Now I am trying to do the same through pyspark. First I read these two nodes by using option 'query':

from pyspark.sql import *
 
spark = SparkSession.builder.getOrCreate()
 
result = spark.read \
    .format("org.neo4j.spark.DataSource") \
    .option("url", "bolt://localhost:7687") \
    .option("query", "match (n:entity) where id(n)=188 with n match (m:entity) where id(m)=189 return m, n") \
    .load().toDF('m', 'n')

Get these two nodes as result:

+---------------------+---------------------+
|                    m|                    n|
+---------------------+---------------------+
|{189, [entity], G...|{188, [entity], G...|
+---------------------+---------------------+

Then I tried to use m & n to write a new edge through query as well

result.write\
    .format("org.neo4j.spark.DataSource")\
    .mode("Overwrite")\
    .option("url", "bolt://localhost:7687") \
    .option("query", "create (n)-[r:relation {type:'test'}]->(m)")\
    .save()

Yet I realize this script generates two new nodes rather than using the existing m & n to build the new edge.
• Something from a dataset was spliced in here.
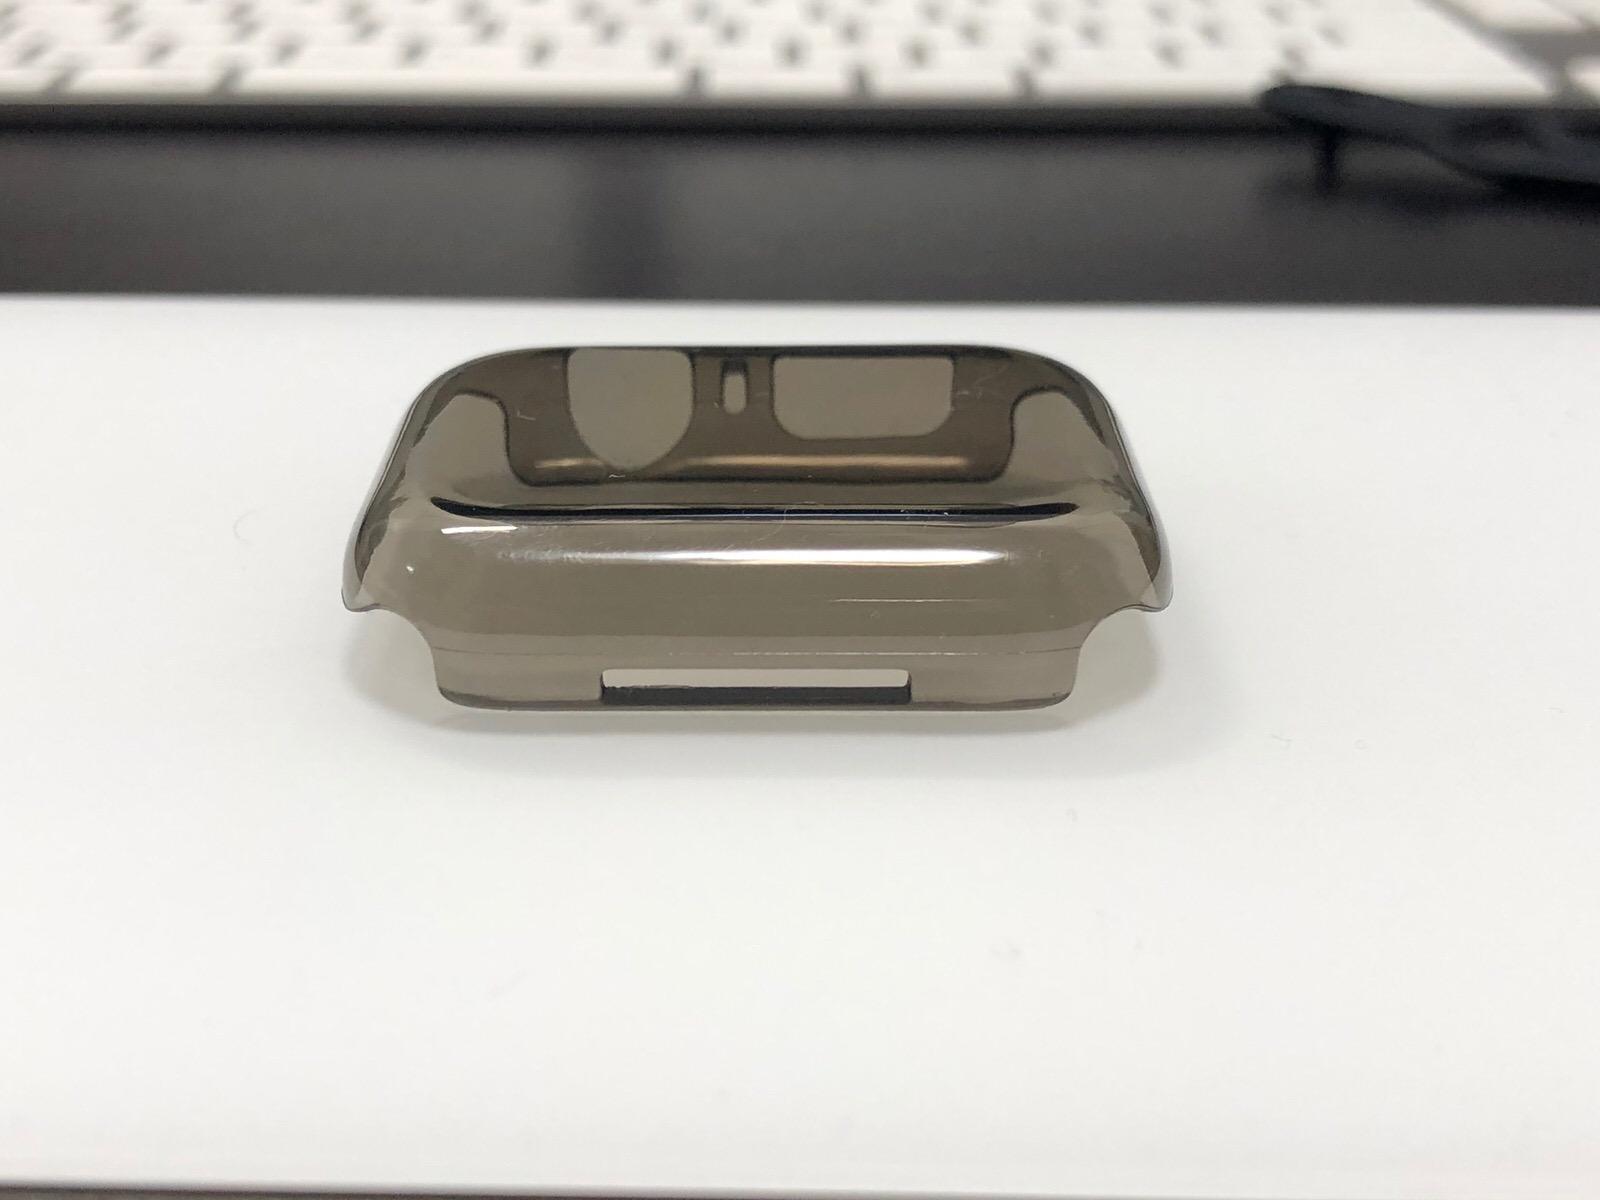 casualcatch Apple watch4 ケース 保護ケース カバー-4

How can I pass the parameters m & n from the former reading script into the writing script?

Can't you just run the entire query in the 'write' query, and not use the read query at all?

match (n:entity) where id(n)=188
match (m:entity) where id(m)=189
create (n)-[r:relation {type:'test'}]->(m)

Hi Gary,

Thank you for reply. I bet I have to apply write mode on a dataframe or dataset, or any kind of existing object, which I suppose is generated from read mode.

from pyspark.sql import *

spark = SparkSession.builder.getOrCreate()

spark.write\
    .format("org.neo4j.spark.DataSource")\
    .mode("Overwrite")\
    .option("url", "bolt://localhost:7687") \
    .option("query", "match (n:entity) where id(n)=188 match (m:entity) where id(m)=189 create (n)-[r:relation {type:'test'}]->(m)")\
    .save()

Above is my attempt to put the whole cypher in query option, directly using write mode, yet was told:

AttributeError: 'SparkSession' object has no attribute 'write'

which is why I guess it won't work to skip the read mode.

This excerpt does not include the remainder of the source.